"If they're in the manual, they must be secrets" - The Cheshrie Catalyst.
But some of this stuff you can't find a manual for!


The Cheshire Catalyst's Internet Secrets For Newbies

The Cheshire Catalyst's
Internet Secrets For Newbies
or
"So you want to use the Internet,
and don't know anything about it."

By Richard Cheshire
cheshire@2600.com

This FAQ (Frequently Asked Question) file about the internet was created to explain a few concepts to my brother, who (at the time) was a relative newbie to The Net. You're invited to come along for the ride. Please send me feedback. Let me know what I didn't explain properly, and what needs clarification. If you think I got it right, you could say so too. Email me at cheshire@2600.com.


What is the Internet

The Internet is a loosely constructed maze of cabling, controlled by programming that enables users to communicate with remote computers, and the users of those computers. The cables are connected to a variety of computer systems, all controlled by programs that emulate "Internet Protocol" (IP), the standards agreed to allow these computers to communicate with each other.

Since the computers all use different operating systems and programming languages, the standards do not specifically say how you must program your computer, but instead tell you what the network expects your computer to do in any given situation, and leaves it up to the programmer to get the machine to do that.

How do I connect to the internet on my home computer?

First off, you need more than one piece of software. In some cases, a "Web Browser" such as Netscape, or Internet Explorer will do many of the internet functions you're looking for. Before you can do this, though, you need a Dialer. Windows users will know about "Dial Up Networking", and Mac users will use "PPP" (Point to Point Protocol) to get the modem connected to the phone line, dial up to the ISP (Internet Service Provider), and get connected to the net. This sets up the "pipeline" that will get information between your computer and the Internet.

Without setting up this "pipe", nothing else works. All your Internet access software, whether a web browser, an e-mail package, and FTP (File Transfer Protocol) package, or other software that hooks up to the net will not work unless the dialer has done it's job and connected you to the net.

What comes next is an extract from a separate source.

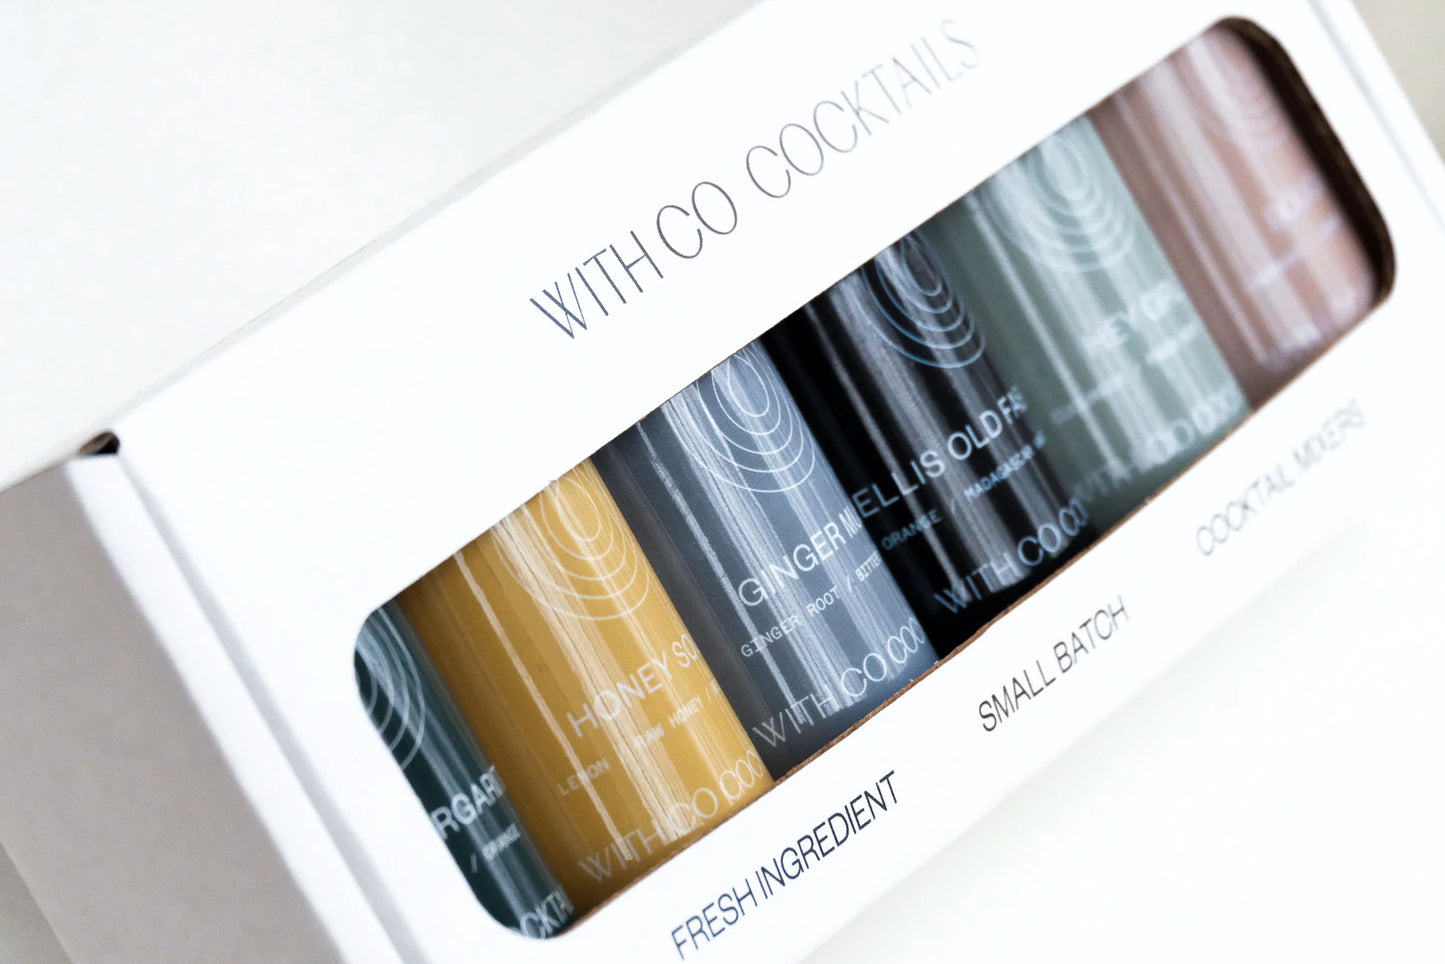 WITHCO Cocktails: Small Batch Sampler Pack

To get a Dialer connected, you need to 1) have an Internet Service Provider, and 2) have them instruct you on how to set up your equipment. When I worked in "Tech Support" for an ISP, the major job was talking the user through the steps to set up the "Internet" box in the windows control panel. Some of the stuff is just specific to individual ISP's, so you have to call and ask.

If it's done right, you can click on your web browser from the "Desktop", and it will bring up the Dialer software for you. Once you get connected, you're "on the Net".

So if my Web Browser is hooked up, what more do I need?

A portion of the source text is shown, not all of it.